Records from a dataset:
=== Section Start ===

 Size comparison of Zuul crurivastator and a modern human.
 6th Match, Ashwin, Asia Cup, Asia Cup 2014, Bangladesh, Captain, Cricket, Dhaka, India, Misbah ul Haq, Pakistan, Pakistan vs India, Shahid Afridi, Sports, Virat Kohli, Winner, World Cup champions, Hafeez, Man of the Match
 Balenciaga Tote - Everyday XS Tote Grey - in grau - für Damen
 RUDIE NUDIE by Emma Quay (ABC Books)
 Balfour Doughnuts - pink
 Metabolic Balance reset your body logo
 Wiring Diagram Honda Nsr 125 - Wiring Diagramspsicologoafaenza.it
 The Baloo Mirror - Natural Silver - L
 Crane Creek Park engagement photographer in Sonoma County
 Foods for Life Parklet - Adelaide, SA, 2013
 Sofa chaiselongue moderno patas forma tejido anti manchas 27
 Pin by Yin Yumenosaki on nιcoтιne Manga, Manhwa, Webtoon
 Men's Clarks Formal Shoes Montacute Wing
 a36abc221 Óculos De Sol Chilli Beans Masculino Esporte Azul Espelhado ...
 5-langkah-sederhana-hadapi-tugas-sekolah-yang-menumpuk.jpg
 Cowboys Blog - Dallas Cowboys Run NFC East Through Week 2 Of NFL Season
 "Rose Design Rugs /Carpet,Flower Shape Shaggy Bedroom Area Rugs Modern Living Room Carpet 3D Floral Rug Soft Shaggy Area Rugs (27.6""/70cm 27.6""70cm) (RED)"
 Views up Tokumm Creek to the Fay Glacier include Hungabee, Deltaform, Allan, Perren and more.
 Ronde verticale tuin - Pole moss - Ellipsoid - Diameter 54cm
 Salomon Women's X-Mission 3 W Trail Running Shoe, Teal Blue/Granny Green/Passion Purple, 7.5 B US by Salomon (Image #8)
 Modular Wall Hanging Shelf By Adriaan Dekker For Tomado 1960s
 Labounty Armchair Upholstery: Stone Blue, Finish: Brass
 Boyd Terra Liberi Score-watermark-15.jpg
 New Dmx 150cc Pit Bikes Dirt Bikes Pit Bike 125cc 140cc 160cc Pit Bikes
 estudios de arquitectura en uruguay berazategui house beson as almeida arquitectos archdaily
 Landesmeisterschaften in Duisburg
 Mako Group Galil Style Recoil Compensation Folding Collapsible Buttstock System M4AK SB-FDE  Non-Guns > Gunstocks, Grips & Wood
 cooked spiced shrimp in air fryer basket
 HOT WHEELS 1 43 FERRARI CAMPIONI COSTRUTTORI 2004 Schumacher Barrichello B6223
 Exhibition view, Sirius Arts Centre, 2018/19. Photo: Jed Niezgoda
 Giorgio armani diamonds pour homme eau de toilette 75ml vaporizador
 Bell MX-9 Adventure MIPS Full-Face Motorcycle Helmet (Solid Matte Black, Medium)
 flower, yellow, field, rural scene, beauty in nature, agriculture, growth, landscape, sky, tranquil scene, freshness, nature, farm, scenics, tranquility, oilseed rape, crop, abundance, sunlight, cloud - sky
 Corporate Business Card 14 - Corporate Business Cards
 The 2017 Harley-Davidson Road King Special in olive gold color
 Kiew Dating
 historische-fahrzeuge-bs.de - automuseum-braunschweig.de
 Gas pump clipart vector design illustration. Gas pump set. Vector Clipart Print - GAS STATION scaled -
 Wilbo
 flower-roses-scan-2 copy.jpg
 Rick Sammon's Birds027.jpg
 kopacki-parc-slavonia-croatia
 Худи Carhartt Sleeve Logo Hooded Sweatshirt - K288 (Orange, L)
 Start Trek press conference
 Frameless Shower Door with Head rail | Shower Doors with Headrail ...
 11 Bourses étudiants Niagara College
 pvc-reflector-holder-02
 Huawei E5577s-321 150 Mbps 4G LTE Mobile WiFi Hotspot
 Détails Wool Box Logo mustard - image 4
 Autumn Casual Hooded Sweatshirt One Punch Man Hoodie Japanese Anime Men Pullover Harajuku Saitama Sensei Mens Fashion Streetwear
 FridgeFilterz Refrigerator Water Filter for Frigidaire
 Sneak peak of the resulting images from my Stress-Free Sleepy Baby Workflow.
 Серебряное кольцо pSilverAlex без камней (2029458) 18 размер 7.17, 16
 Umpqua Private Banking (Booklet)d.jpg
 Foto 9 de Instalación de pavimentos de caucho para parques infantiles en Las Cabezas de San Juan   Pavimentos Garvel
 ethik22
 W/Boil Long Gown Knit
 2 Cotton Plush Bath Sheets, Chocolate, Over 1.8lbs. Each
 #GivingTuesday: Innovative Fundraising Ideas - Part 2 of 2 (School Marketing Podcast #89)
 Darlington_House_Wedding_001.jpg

=== Section End ===

Could you filter the entries above for lines holding the string "Sweatshirt" and copy them?

* SOLUTION
 Худи Carhartt Sleeve Logo Hooded Sweatshirt - K288 (Orange, L)
 Autumn Casual Hooded Sweatshirt One Punch Man Hoodie Japanese Anime Men Pullover Harajuku Saitama Sensei Mens Fashion Streetwear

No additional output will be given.